Provided material START

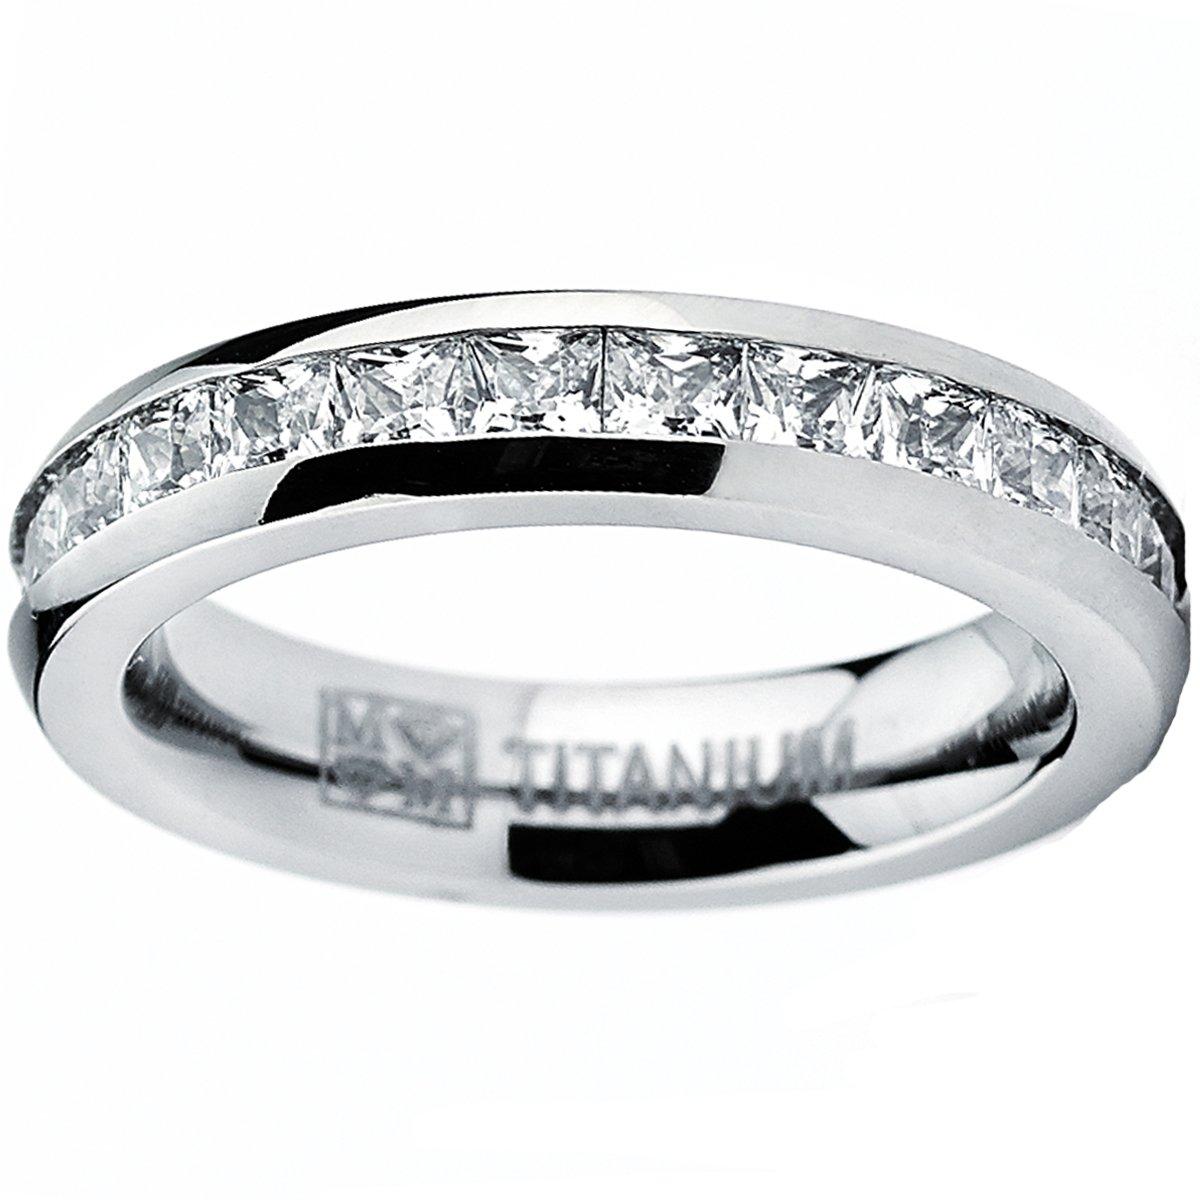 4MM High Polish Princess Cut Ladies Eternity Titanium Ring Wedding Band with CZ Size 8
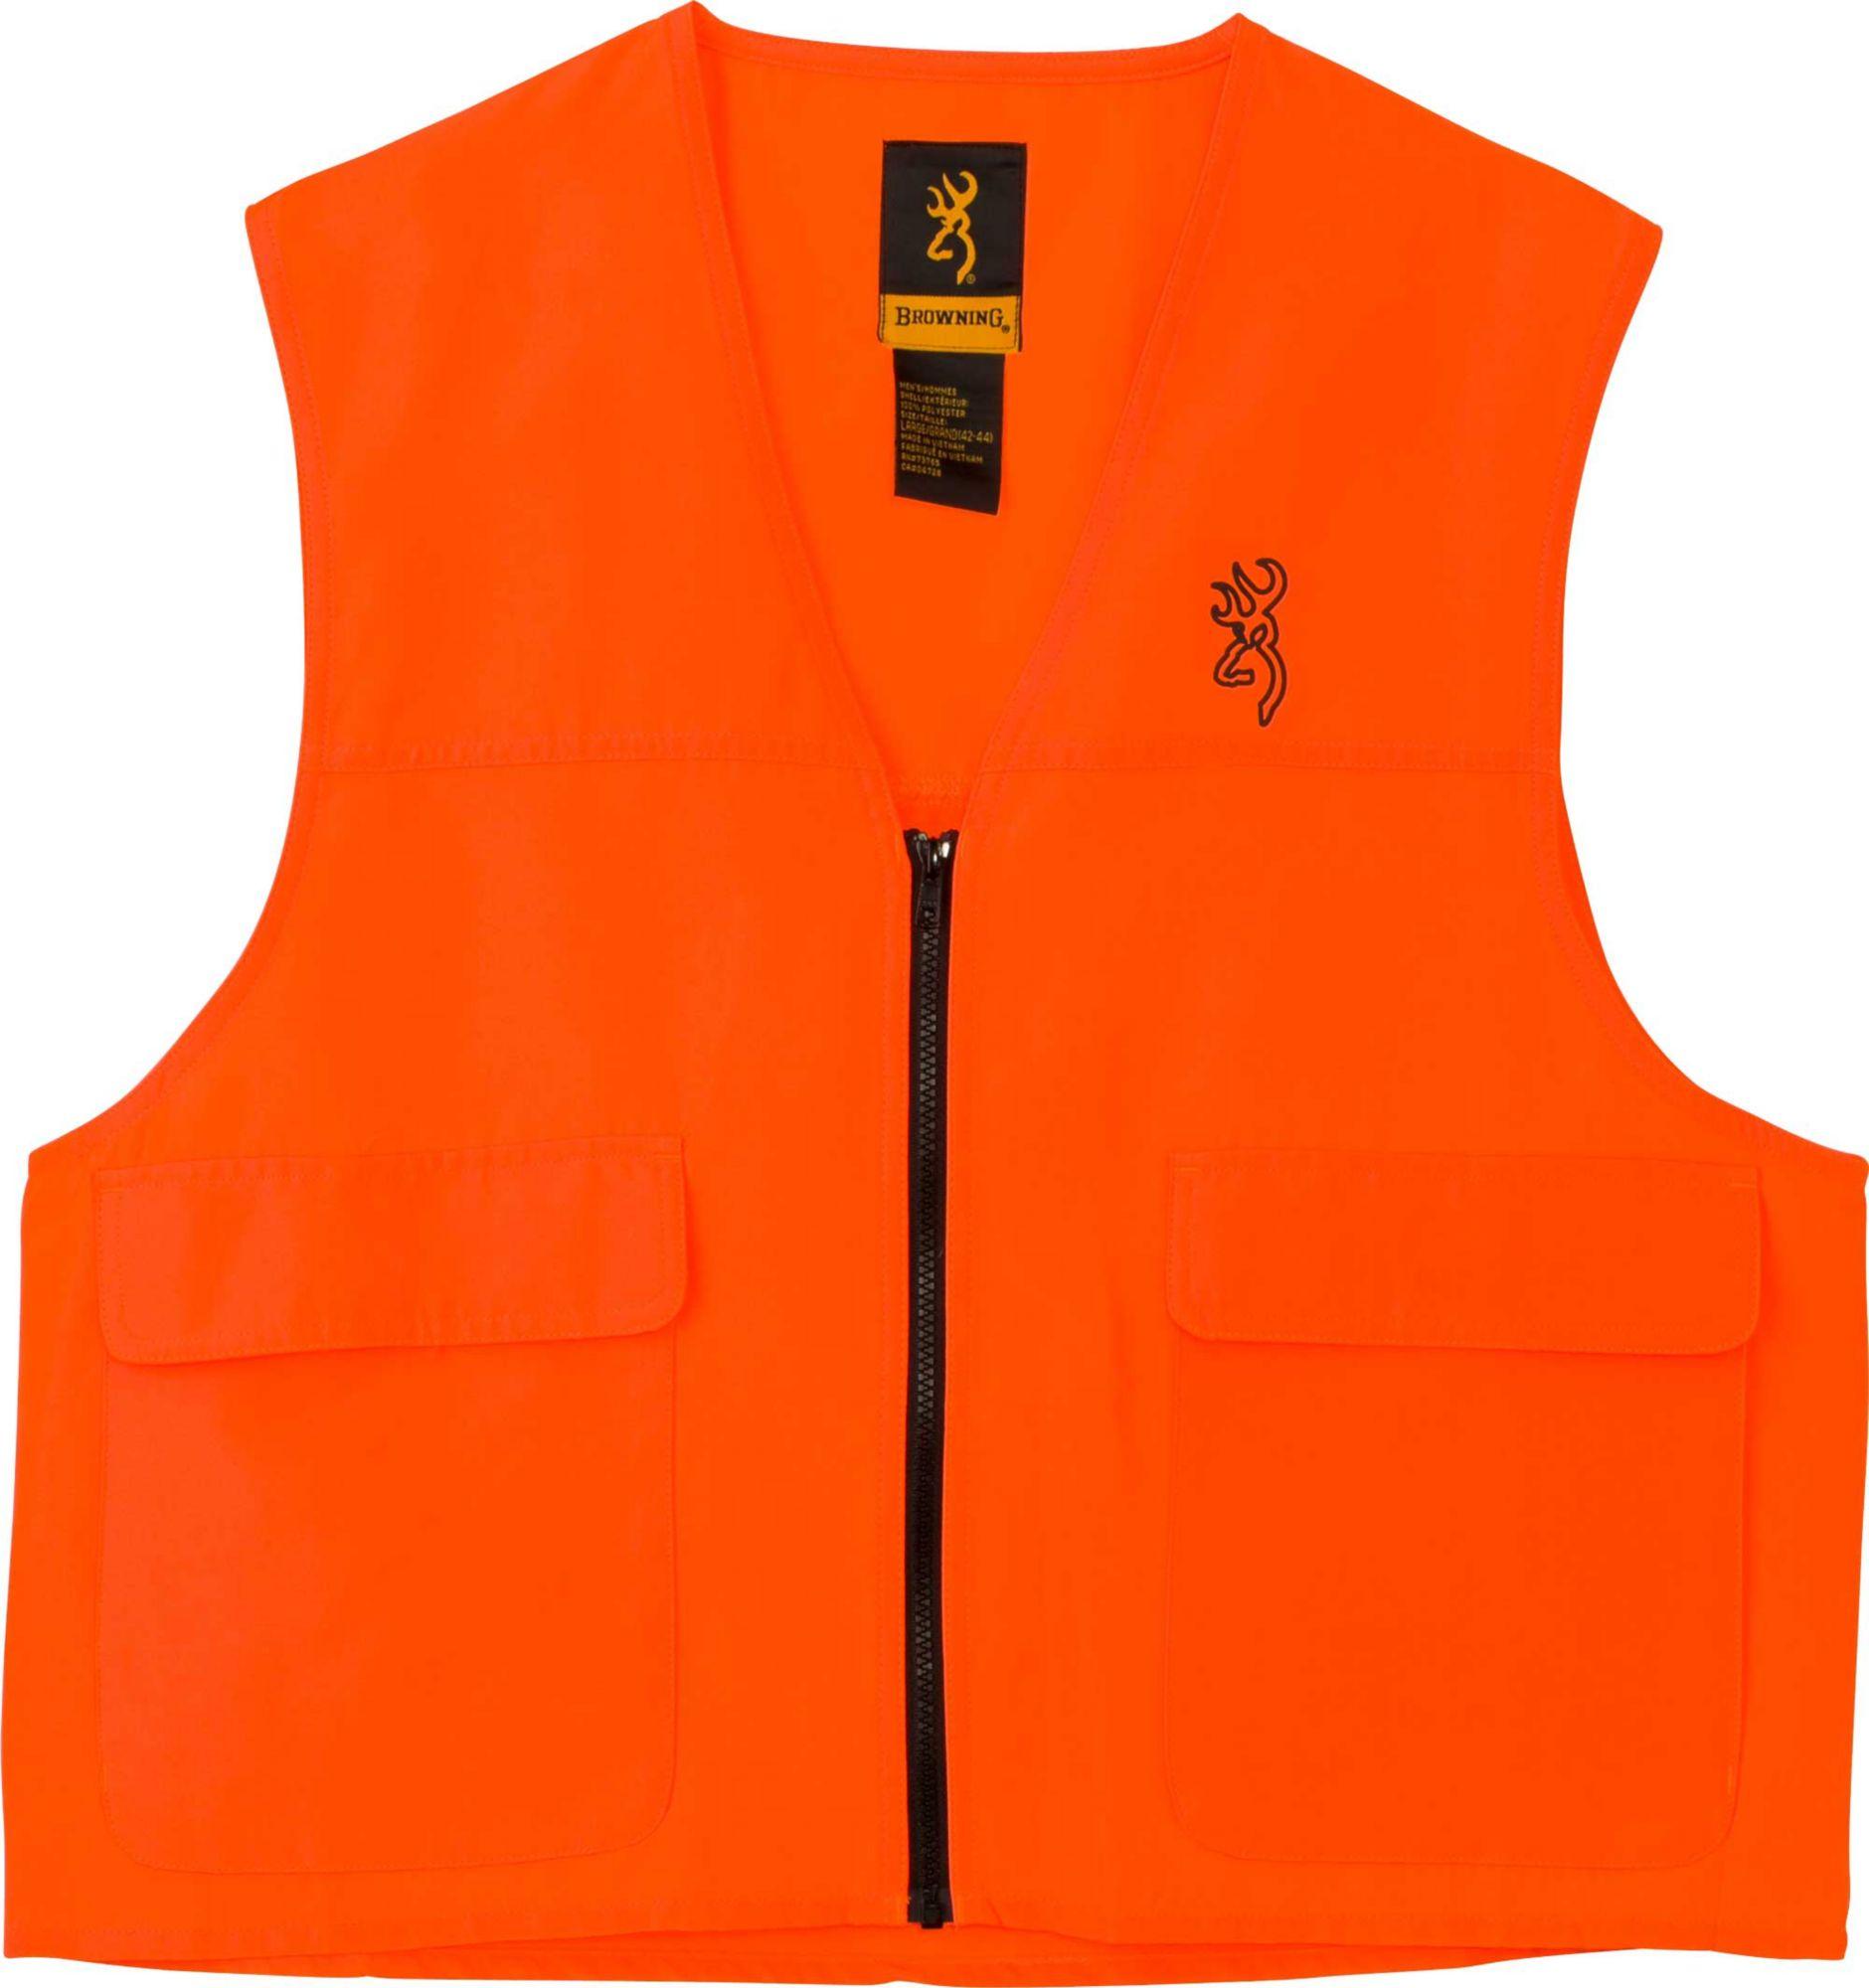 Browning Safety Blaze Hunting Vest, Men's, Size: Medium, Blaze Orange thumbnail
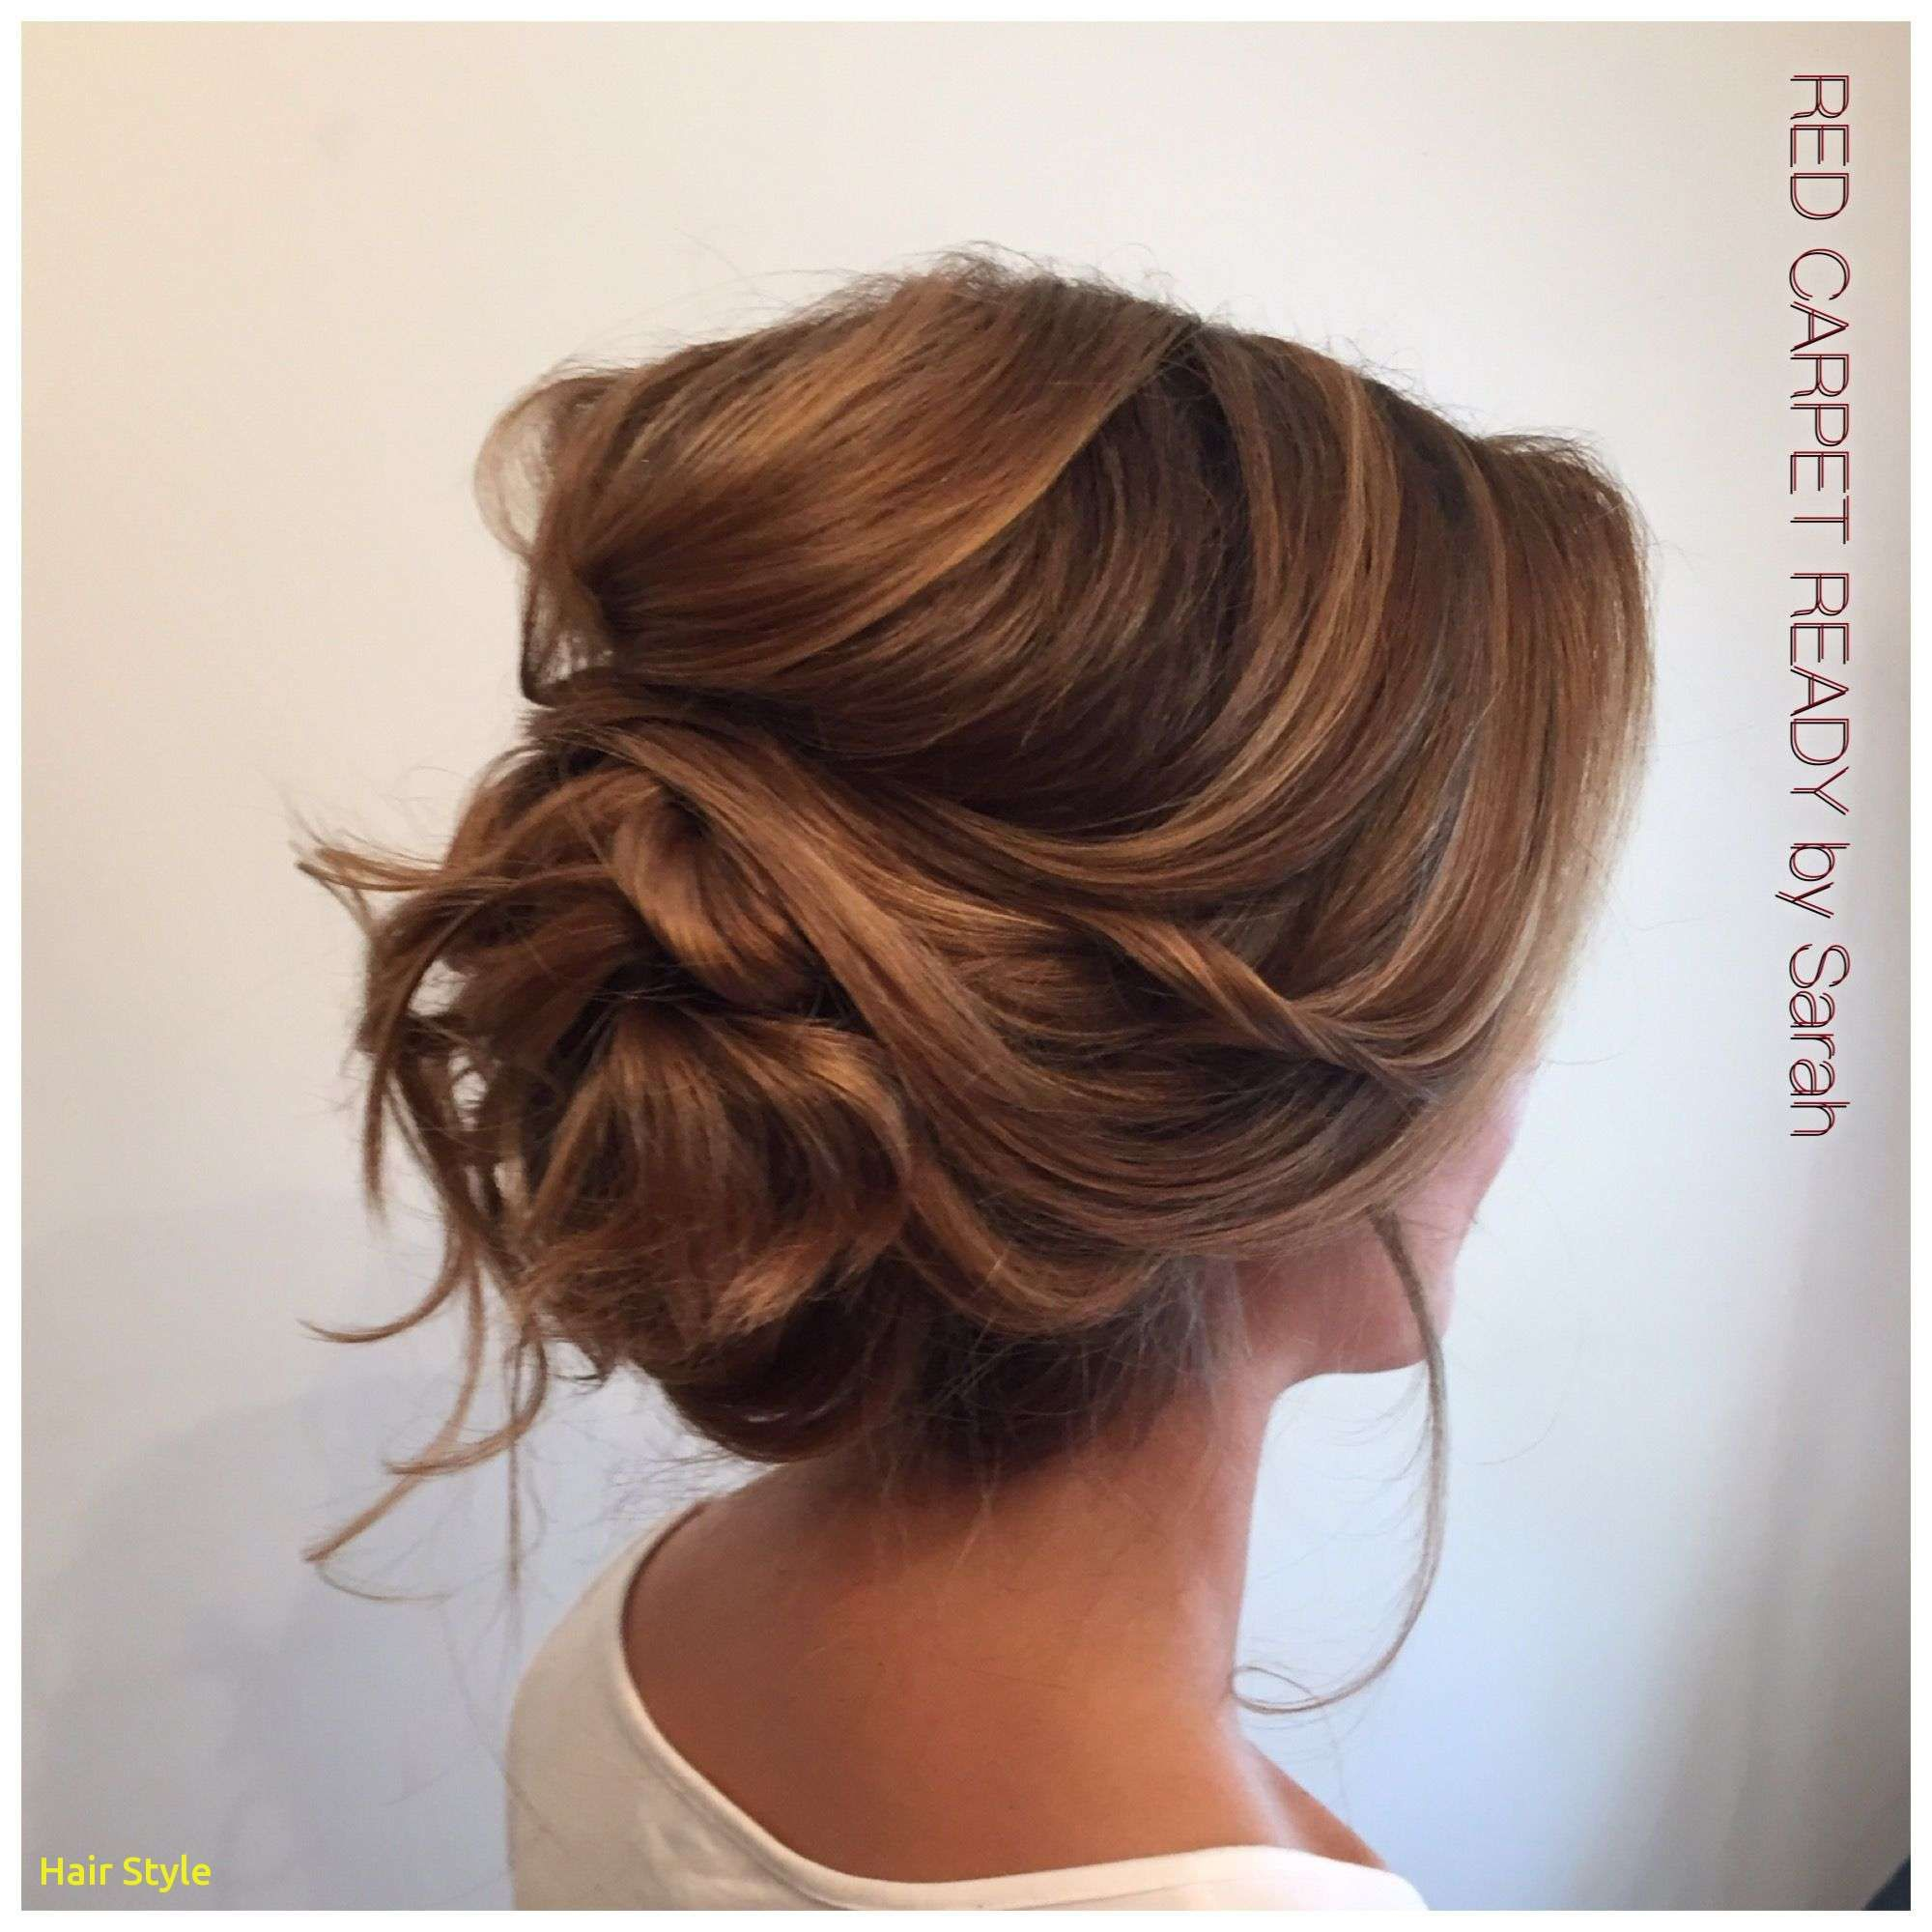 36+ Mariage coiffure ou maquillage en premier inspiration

Provided material END

The task: From the line containing "Browning Safety Blaze" through the last line of the material above, write out each line exactly, leaving aside all pictures.

Result of this task:
 Browning Safety Blaze Hunting Vest, Men's, Size: Medium, Blaze Orange thumbnail
 36+ Mariage coiffure ou maquillage en premier inspiration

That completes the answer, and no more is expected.